İLETİŞİMsizlik BECERİLERİ

 

Günlük hayatımızın neredeyse hepsini iletişim halinde geçiririz. Evde, işte, okulda, arkadaşlarımızın yanında, akrabalarımızın yanında, belediyede, otobüste, hastanede, eşimizle, çocuğumuzla, annemizle, babamızla ve tabiî ki kendimizle. Sürekli iletişim kurarız. Bu kadar sık yaptığımız bu davranışı tanıyor ve yeterince doğru yapıyor muyuz?

En yalın anlamıyla iletişim, kişiler arası düşünce ve duygu alışverişidir. Karşımızdaki kişinin duygu ve düşüncelerini ANLAMAyı, kendini etkili bir şekilde İFADE ETMEyi ve etkin bir şekilde DİNLEMEyi gerektirmektedir. Peki neden bu kadar çok iletişim kurma ihtiyacı duyarız?

İletişim ihtiyacımızın nedeni doğuştan getirdiğimiz bazı açlıklara dayanmaktadır. Bunlar; uyarılma ve tanınma açlığıdır. Sinir sistemimizin görevini sağlıklı bir şekilde yerine getirebilmesi için beyinde bulunan uyarılma sistemimizin düzenli olarak uyarıcılar alması gerekmektedir. Yapılan bazı araştırmalar, bebeklik döneminde çok az uyarıcı alan (sevilmeyen, dokunulmayan, öpülmeyen, uyaransız bir alanda bırakılan vb.) bebeklerin zihinsel ve sosyal zekâsında geriliklerinin olabildiğini, hatta bazı vakalarda bebek ölümleri ile de sonuçlanabildiğini göstermektedir. Tanınma açlığı ise, başkalarının bizim varlığımızı gördüklerini veya hissettiklerini iletmesiyle doyurulur. Bazen var olduğumuzu hissetmek için olumsuz da olsa uyarıcılara ihtiyacımız vardır, hiç yoktan iyidir! Küçük bir çocuğun babasının kızacağını bile bile istemediği davranışı yapması buna bir örnektir. Bu açlıklar, iletişim sayesinde doyurulur. Sürekli aynı ortamda, aynı uyarıcılara maruz kaldığımızda uyarılma açlığımız yeterince doymaz, başka uyaranlar almak, diğerleri ile aktif iletişimler kurmak, beynimizin biyokimyasını olumlu anlamda etkilemektedir, kısmen ve geçici olarak uyarılma ve belki de tanınma açlığımız doymuştur. Günlük hayatımızda da düzenli olarak bu açlıklarımızı doyurmak için diğerleriyle, nesnelerle ve kendimizle iletişim kurduğumuz görülmektedir. Çocukluk döneminde yeterince tanınma ve uyarılma açlığı doyurulmamış kişiler, yetişkinlik dönemlerinde bu açlığı doyurmak için farklı arayışların içine girerek iletişim kurmayı sürdürürler. Popüler olabilmek için çabalamak, gerekli gereksiz her lafa karışarak konuşmak, dikkat çekmek için aşırı uçlarda giyinmek, uyuşturucu kullanmak bu iletişim şekline örnek gösterilebilir.
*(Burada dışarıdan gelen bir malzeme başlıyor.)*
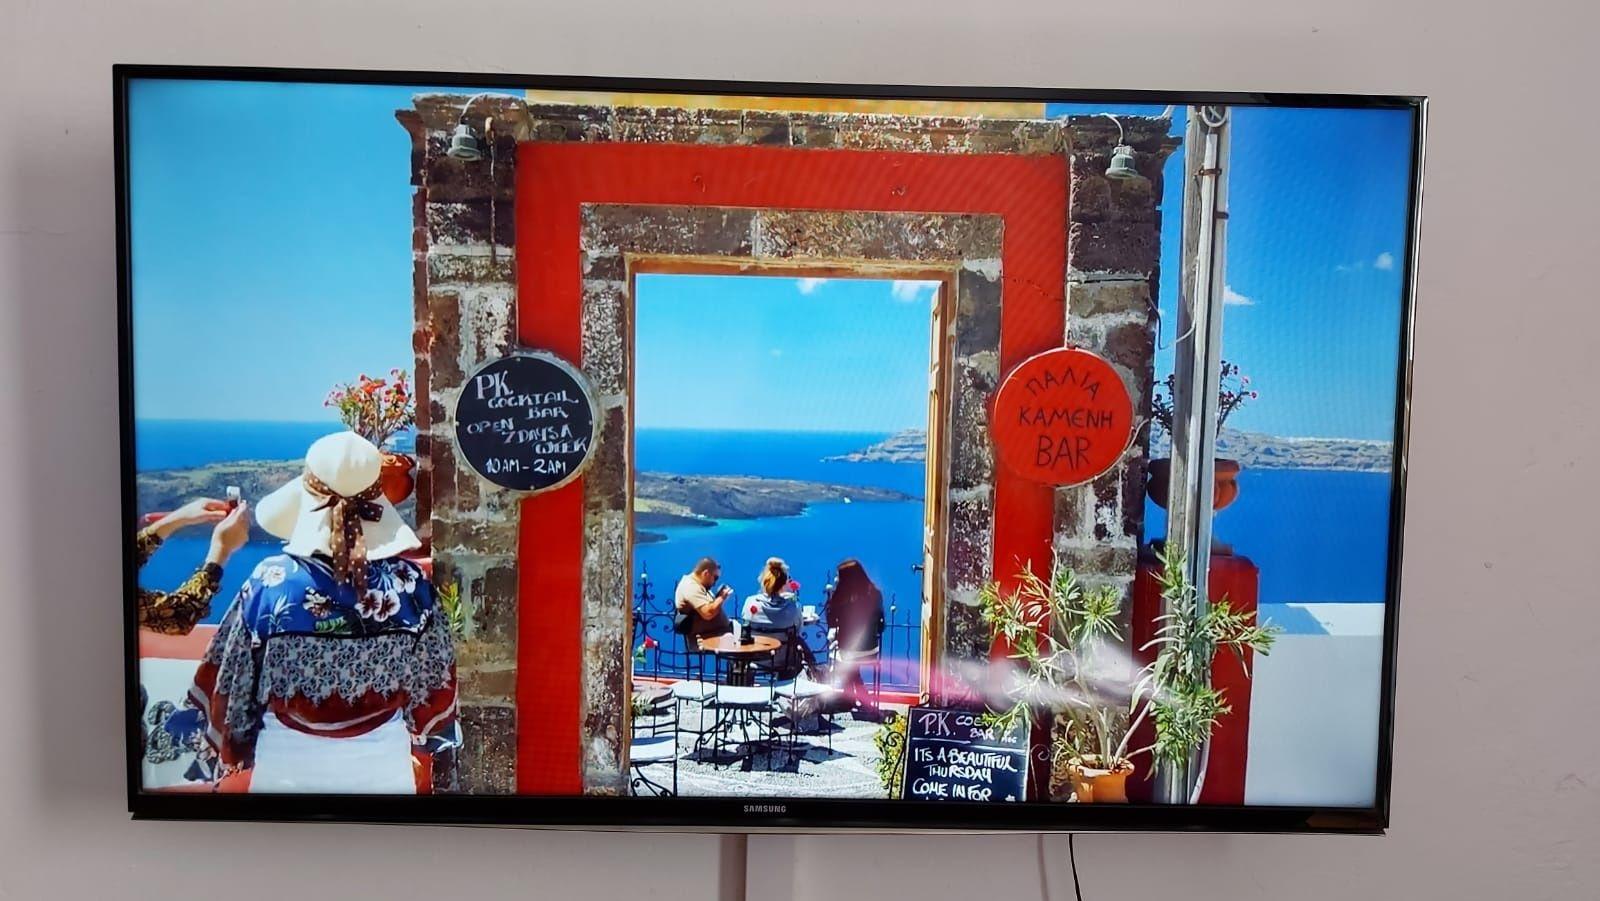 Tv Lcd Samsung  101 cm
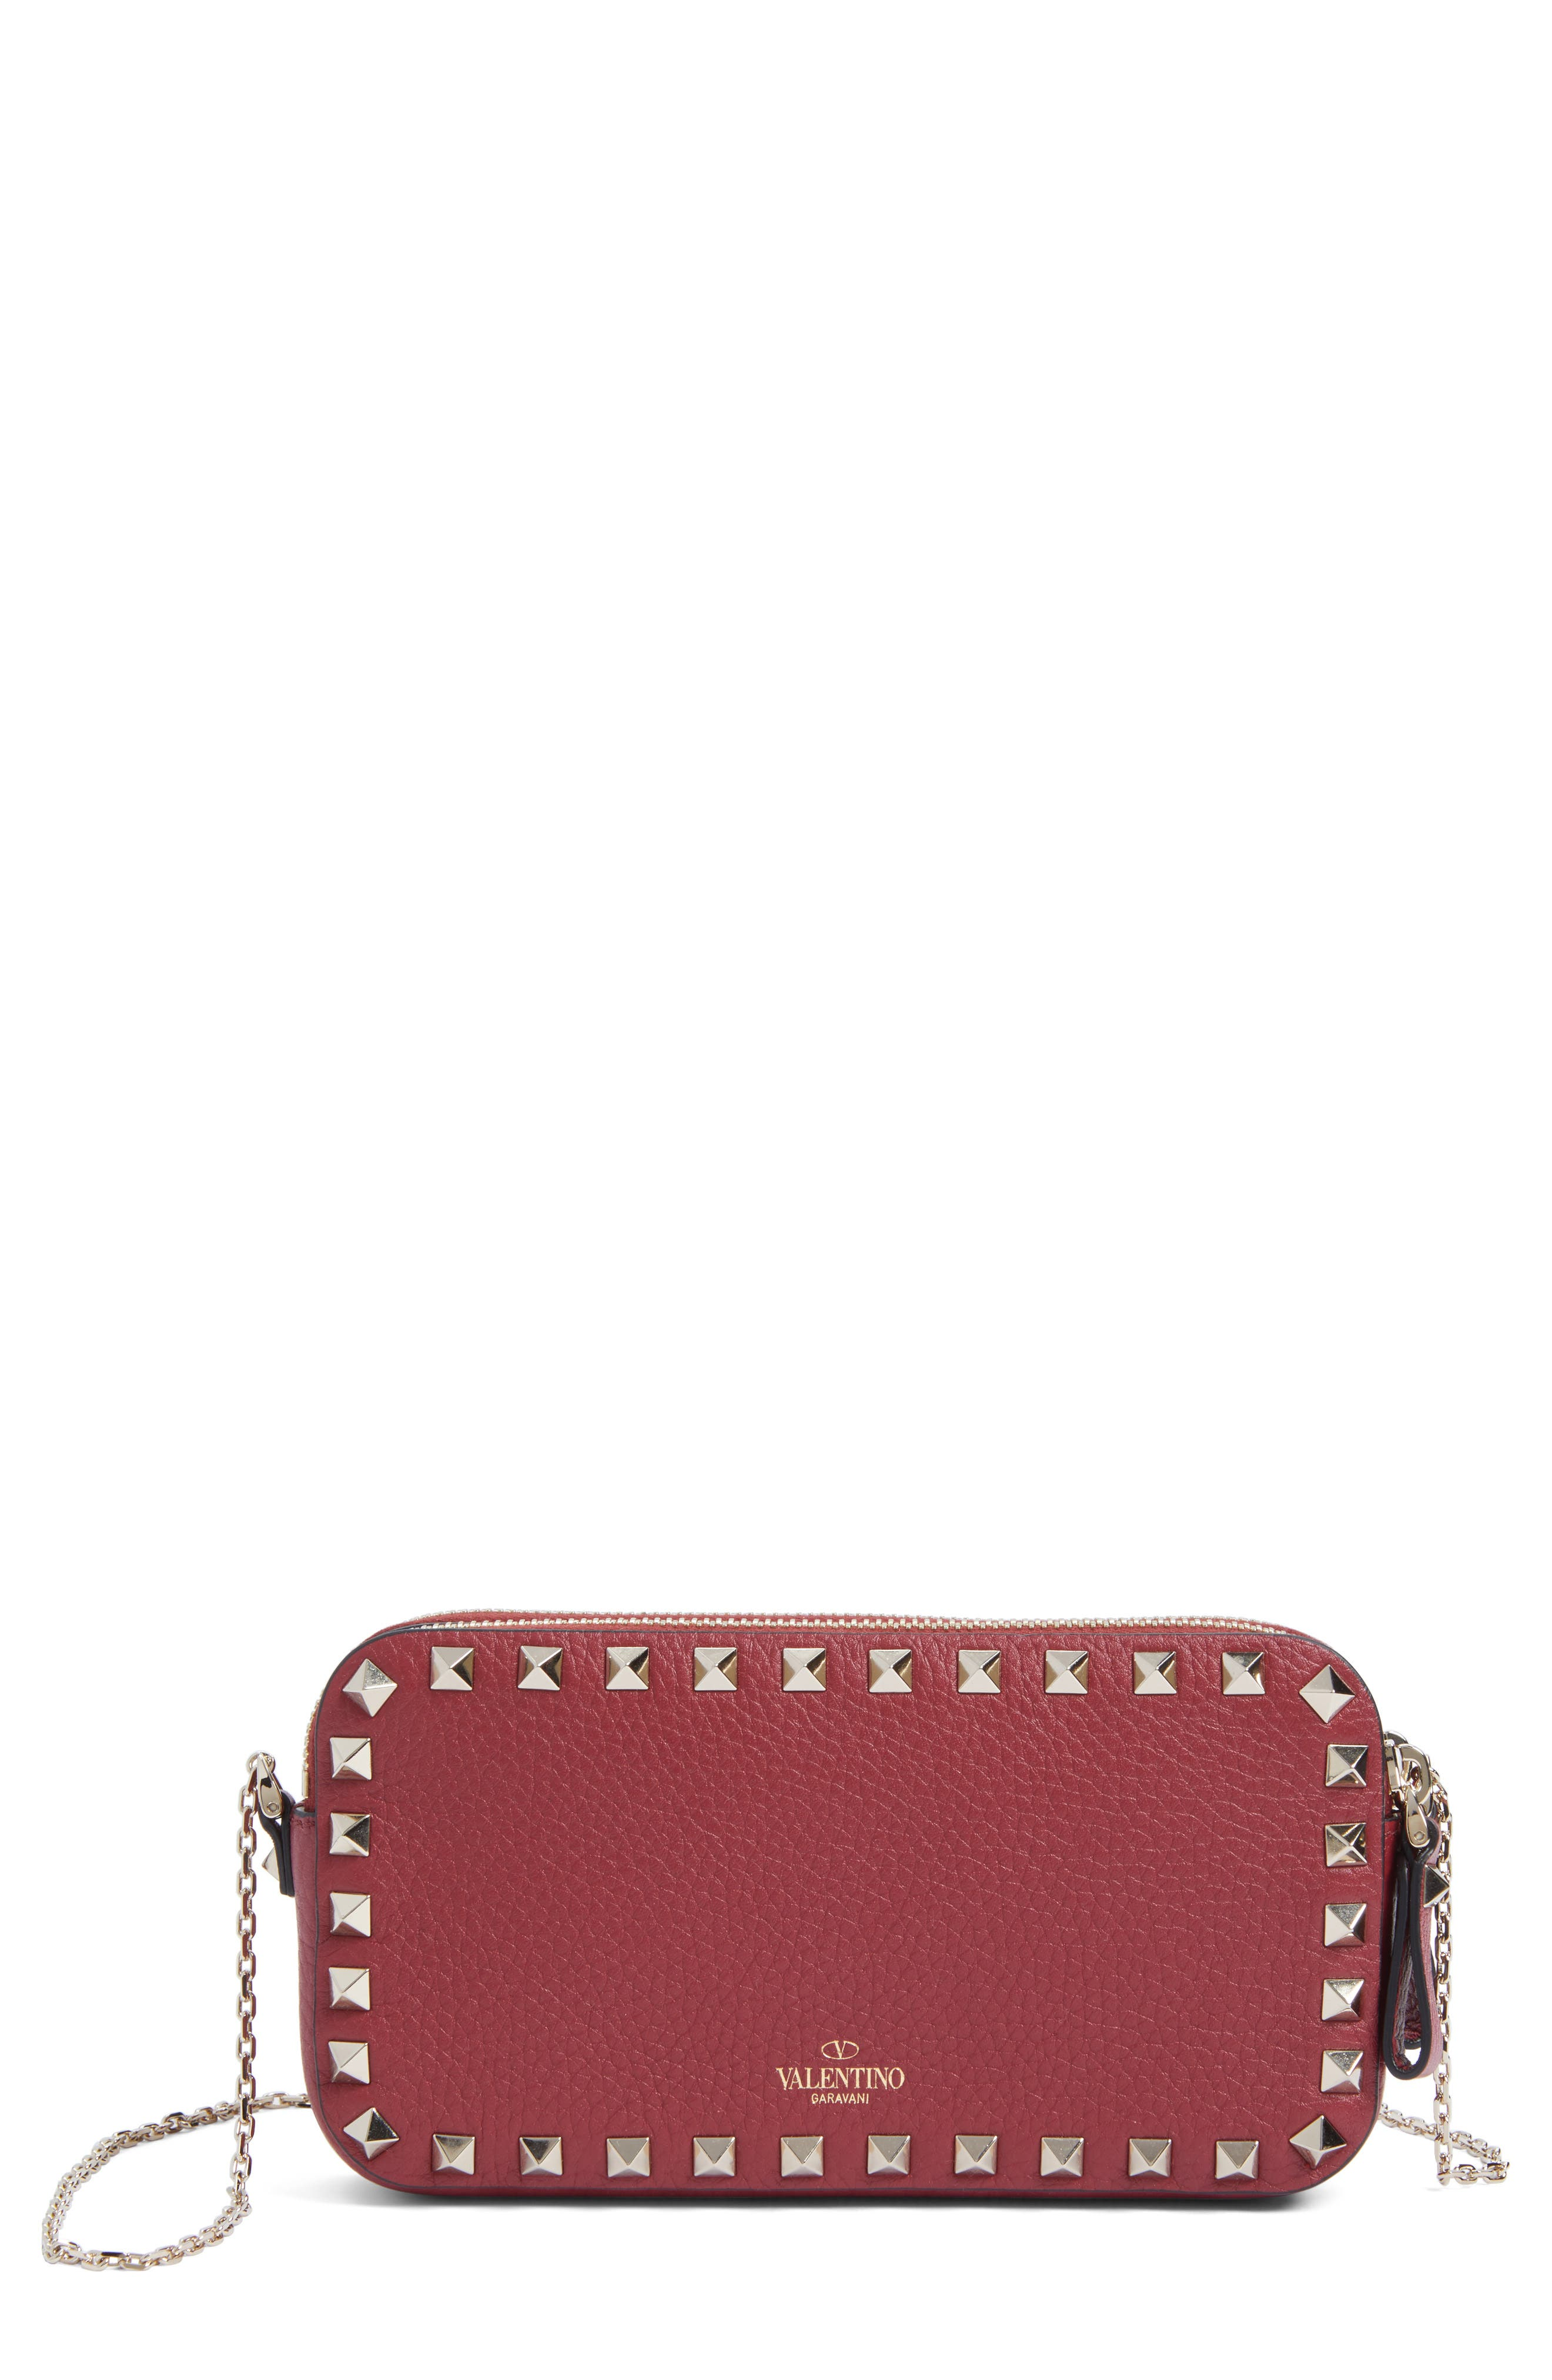 VALENTINO GARAVANI Rockstud Leather Crossbody Bag, Main, color, RUBIN

Neredeyse birçoğumuzun ebeveynleri, çocukluk döneminde, yaşadığımız bir olay sonrasında, “Ne hissettin? Ne düşündün? Sence karşı taraf ne hissetmiş ve düşünmüş olabilir?” gibi sorular sormamıştır. Onun yerine “Sen ne yaptın? Hiç böyle yapılır mı? Şöyle yapsaydın daha iyi olurdu. Bir daha böyle yaptığını görmeyeyim! Ağlanacak bir şey yok. Çabuk özür dile! Ne biçim çocuksun sen?” gibi yaklaşmıştır. Doğal olarak çocukluğunda bu şekilde yaklaşılan bizler yetişkin olduğumuzda, başkaları ile iletişim kurarken kendi duygu ve düşüncelerimiz, karşı tarafın duygu ve düşünceleri, o davranışı yapma nedenlerine pek fazla dikkat etmeyiz.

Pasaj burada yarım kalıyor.